* **Problem to work on**:
Copy, pictures aside: the lines below from the one that holds "Designer Series 24" through the final line of the listing, both ends included, exactly as they are and nothing else.

* **Data segment**:

++++++++

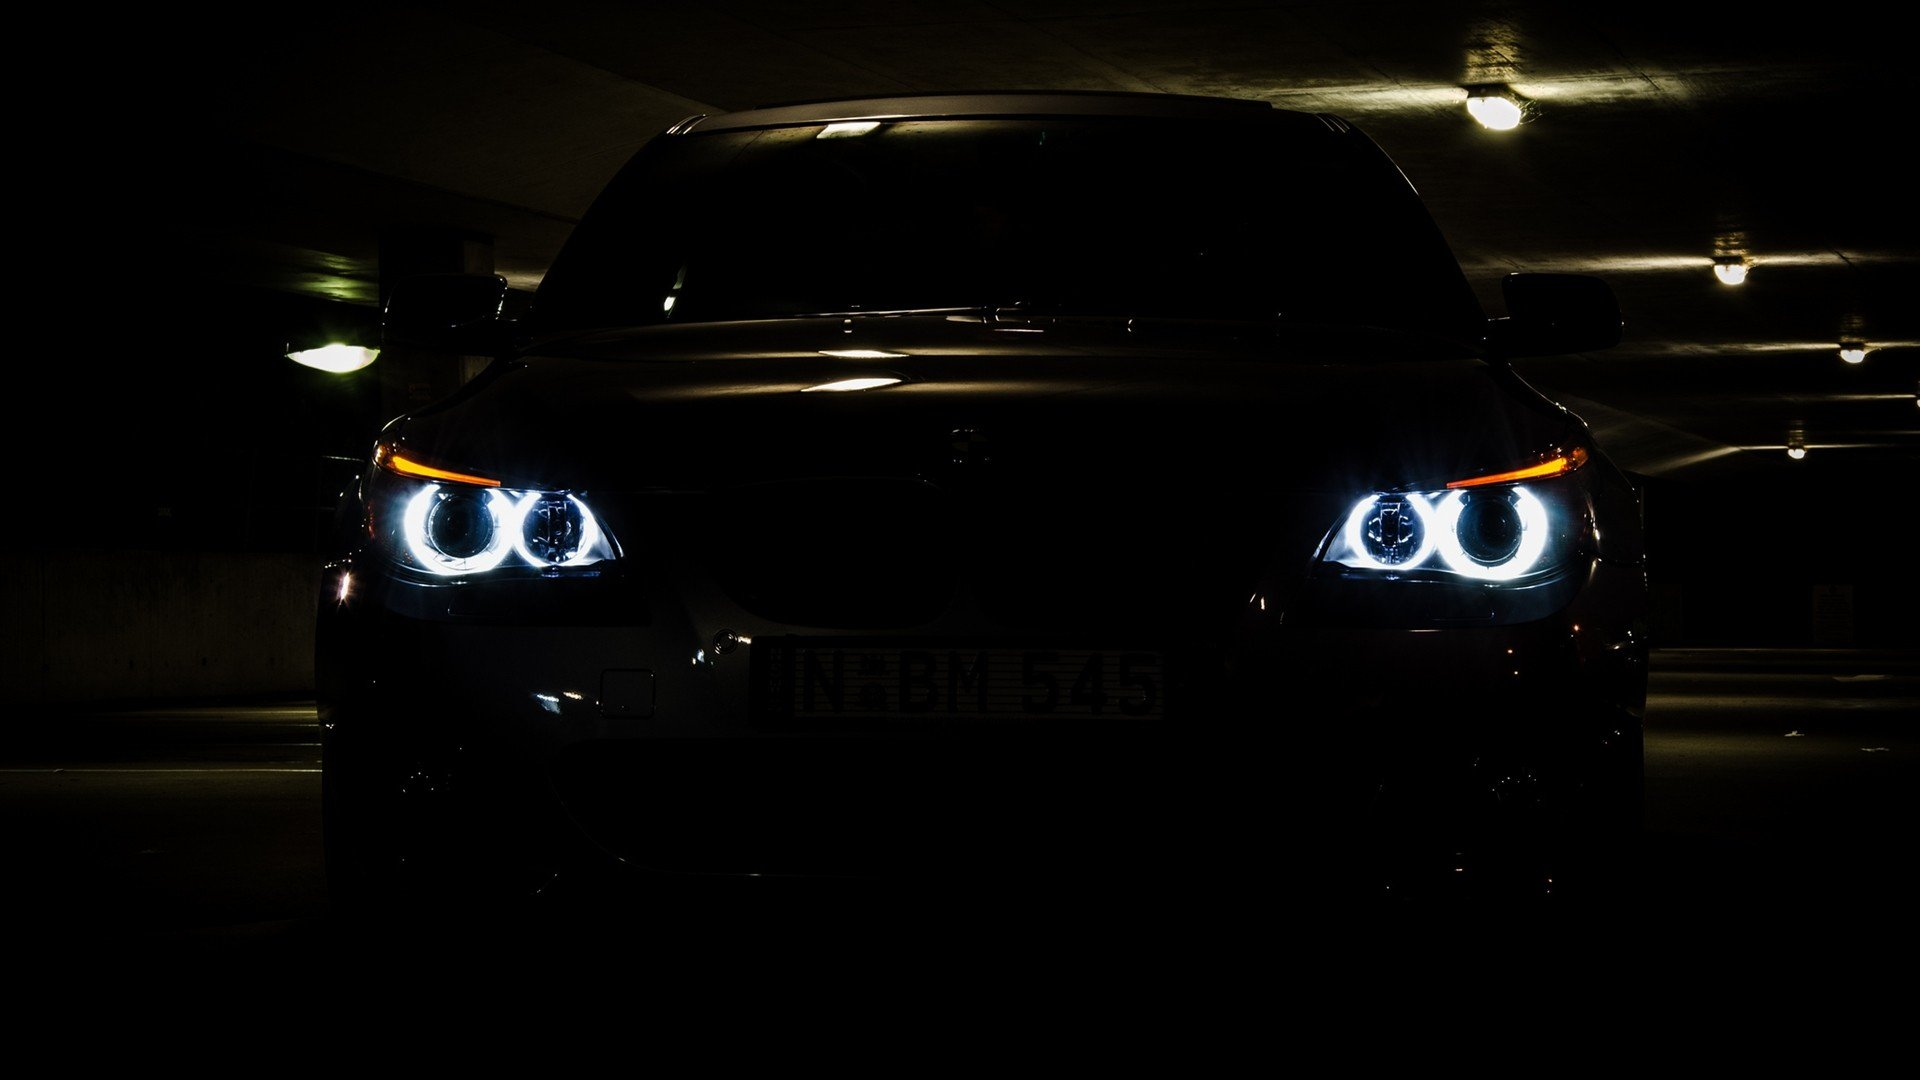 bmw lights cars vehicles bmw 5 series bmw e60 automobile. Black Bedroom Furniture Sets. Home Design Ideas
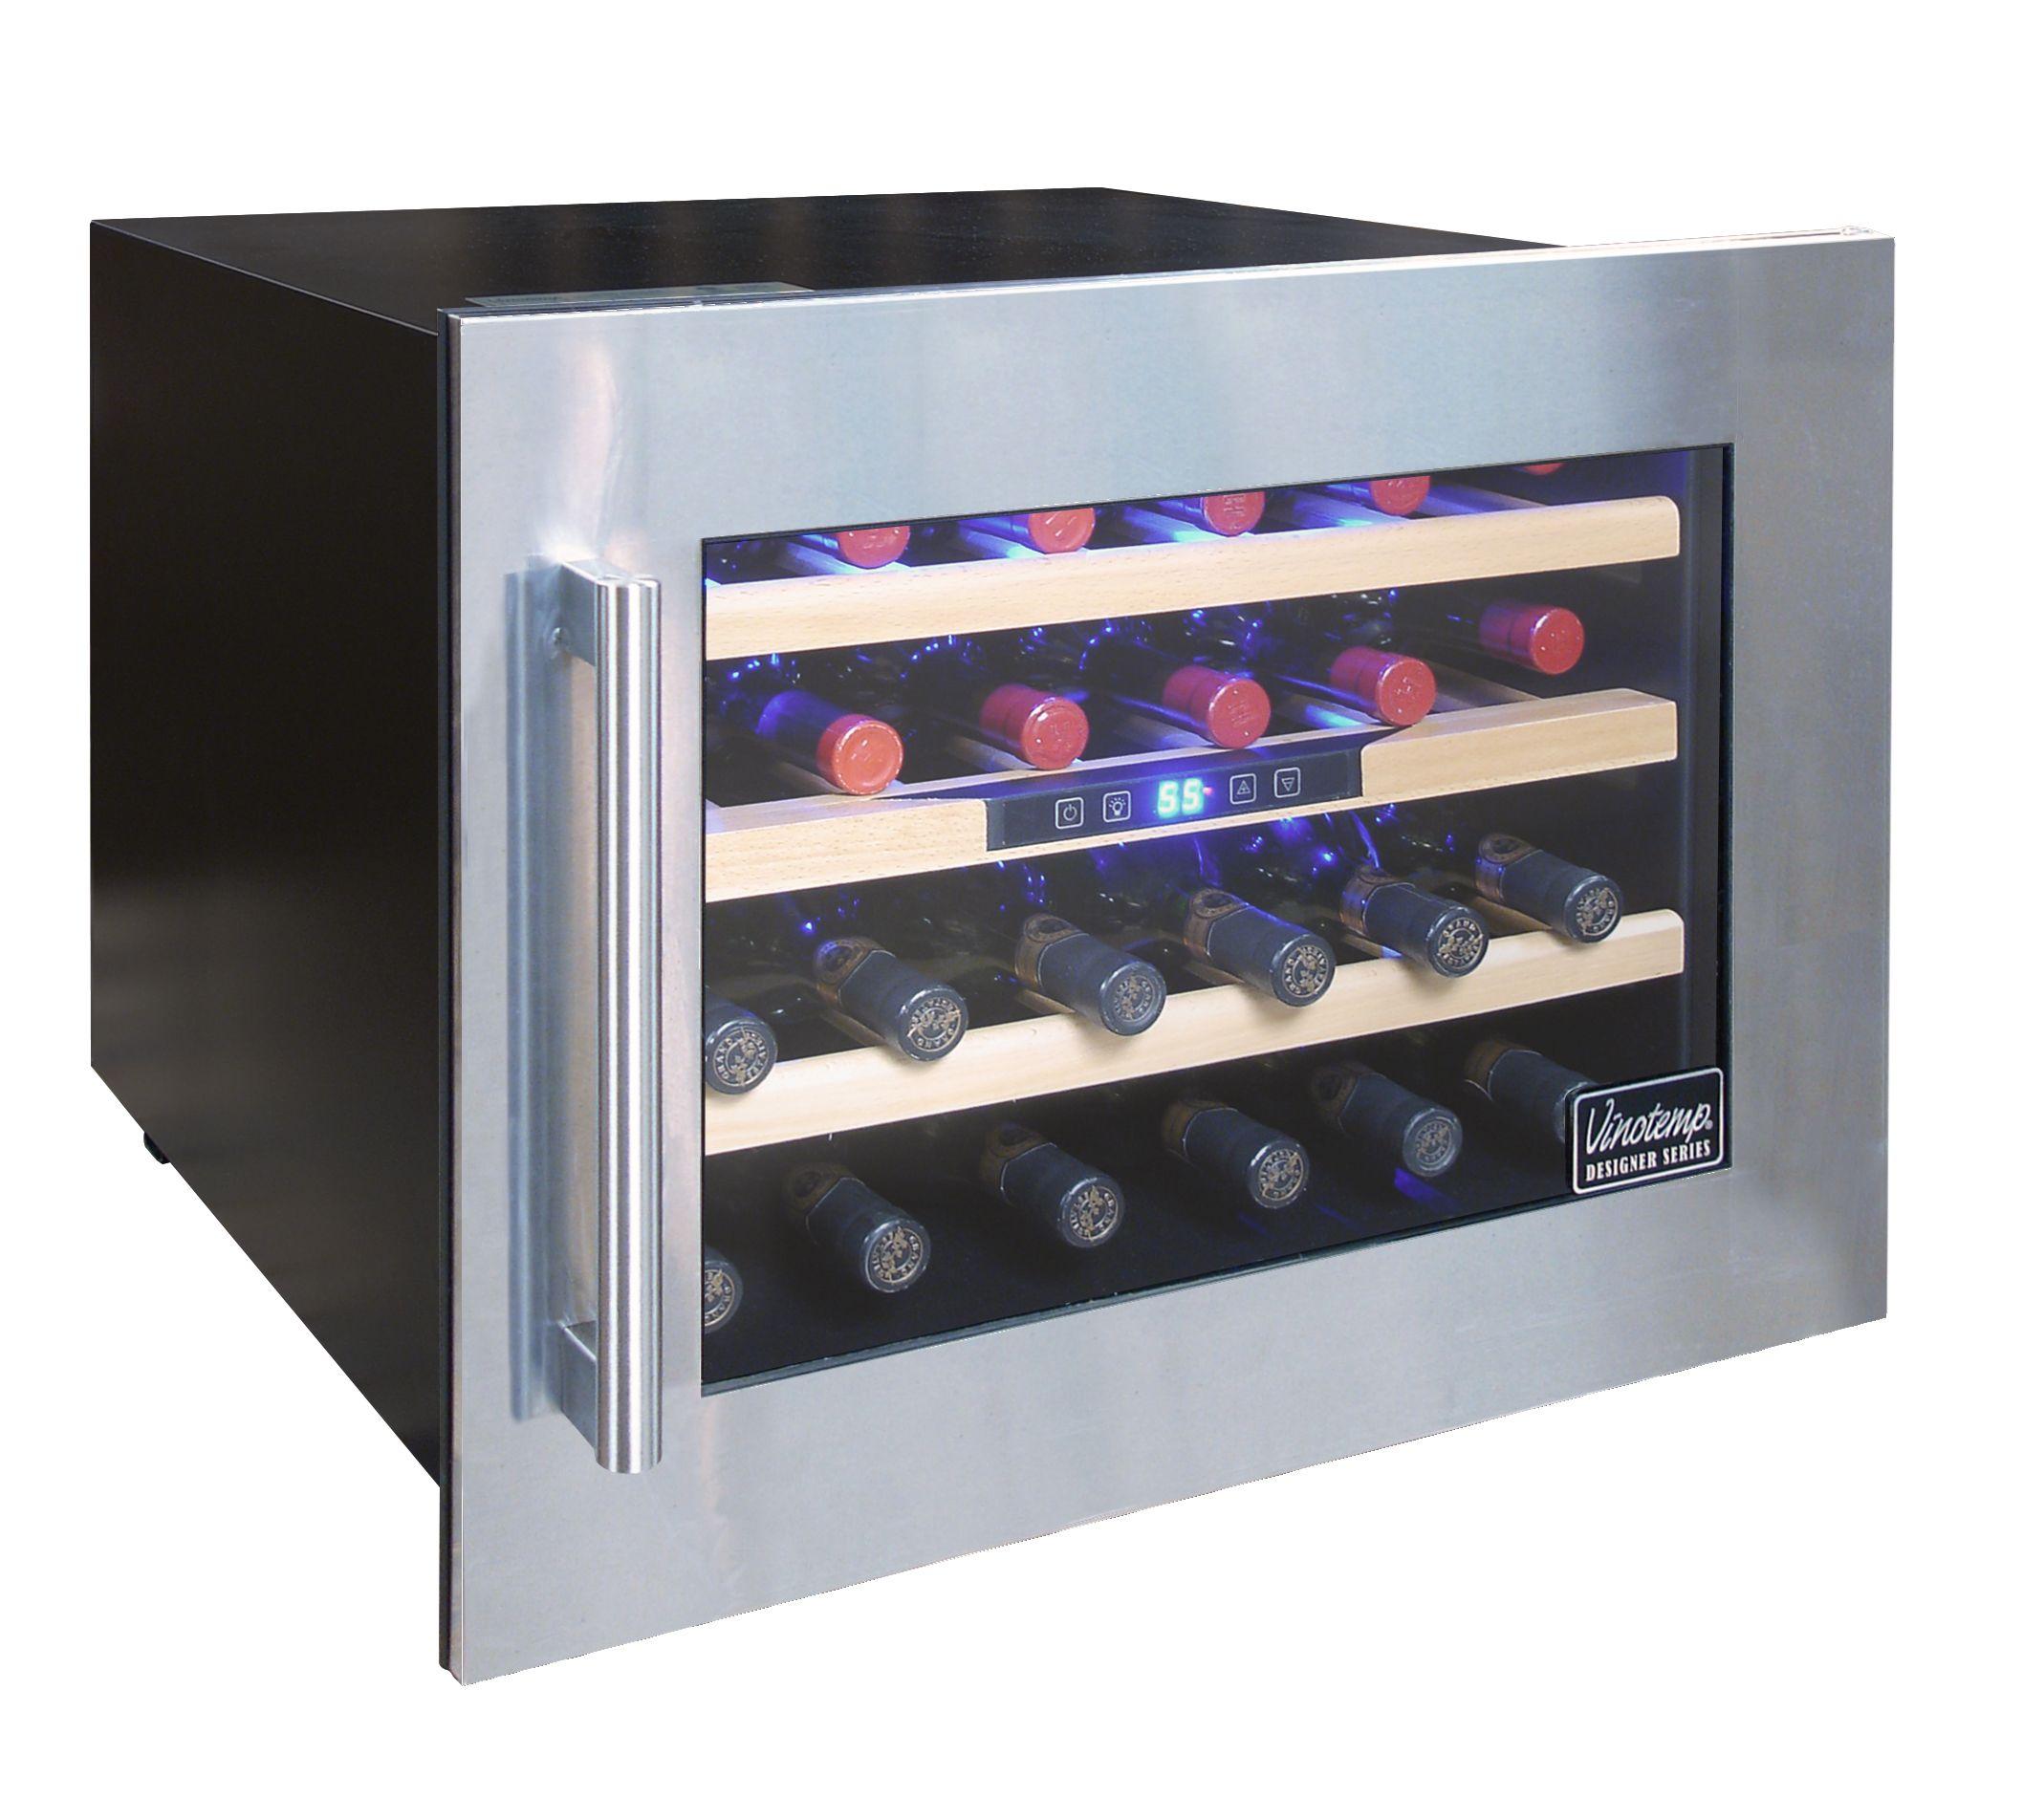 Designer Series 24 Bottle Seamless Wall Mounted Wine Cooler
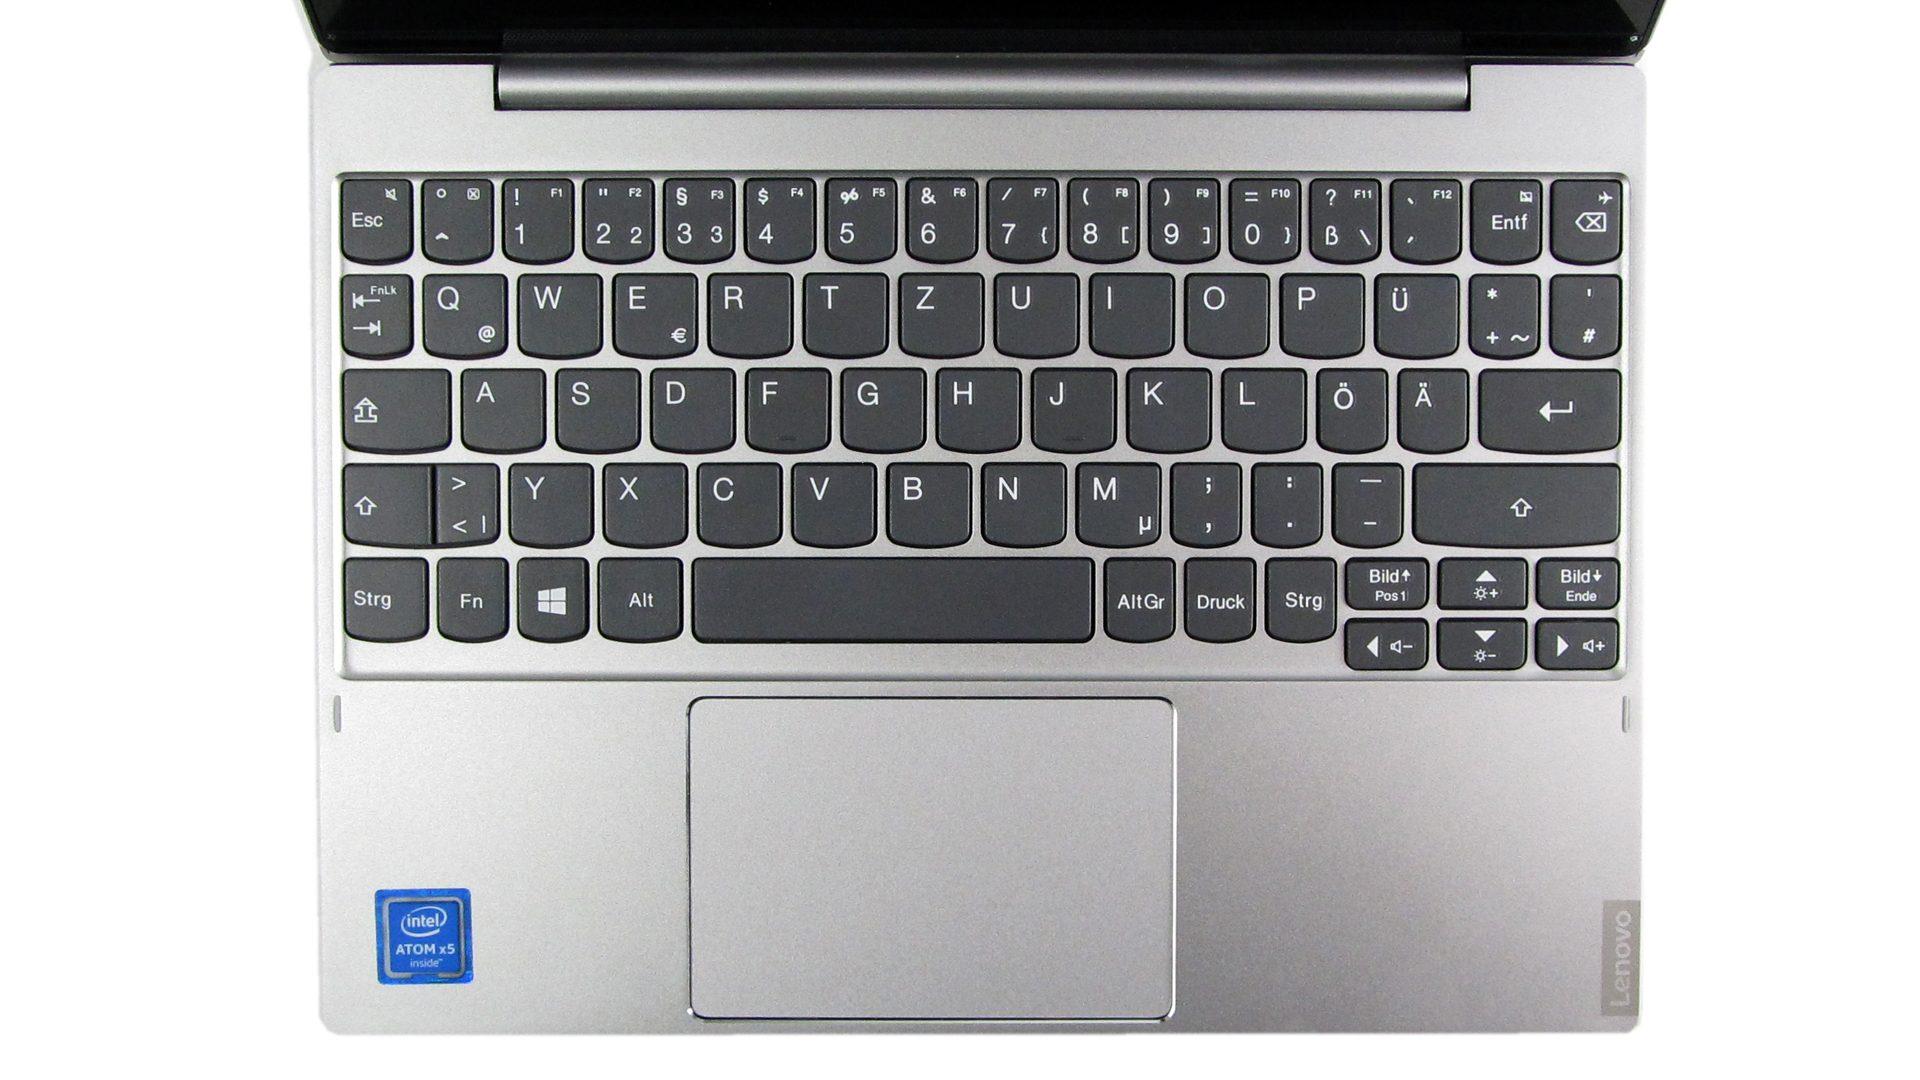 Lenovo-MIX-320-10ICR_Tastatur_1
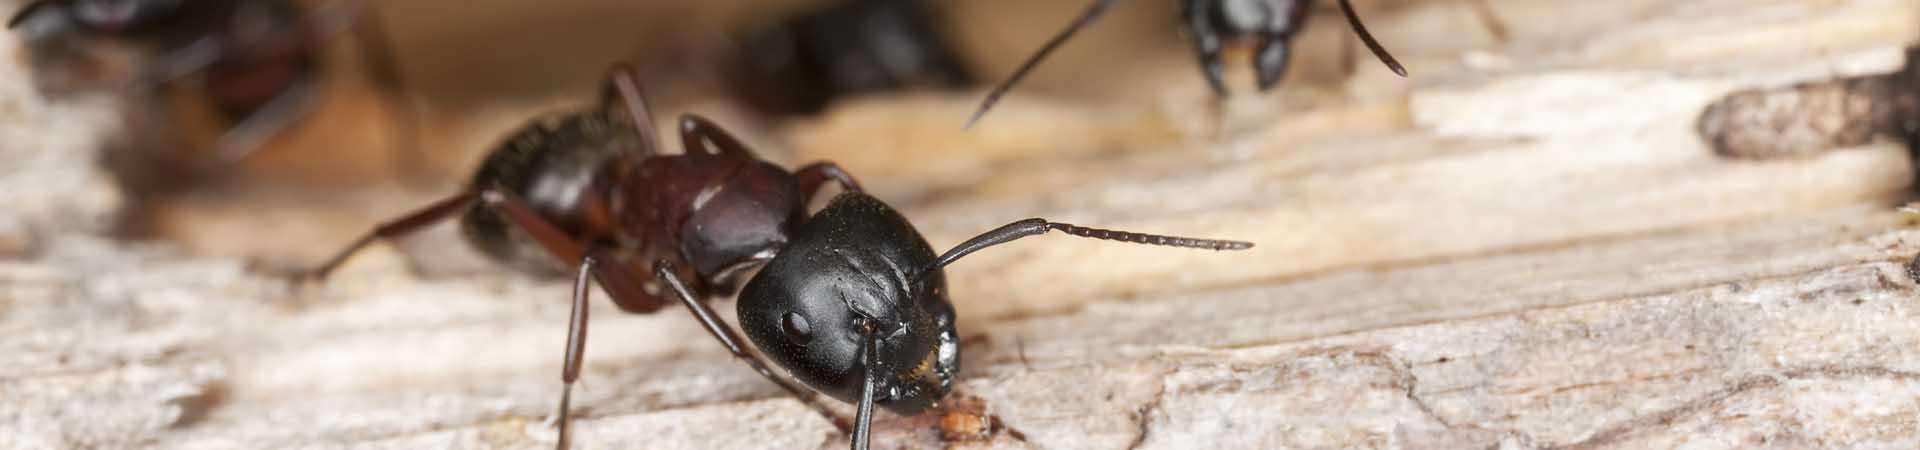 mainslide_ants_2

++++++++

* **Output for this exercise**:
 Designer Series 24 Bottle Seamless Wall Mounted Wine Cooler
 Lenovo-MIX-320-10ICR_Tastatur_1
 mainslide_ants_2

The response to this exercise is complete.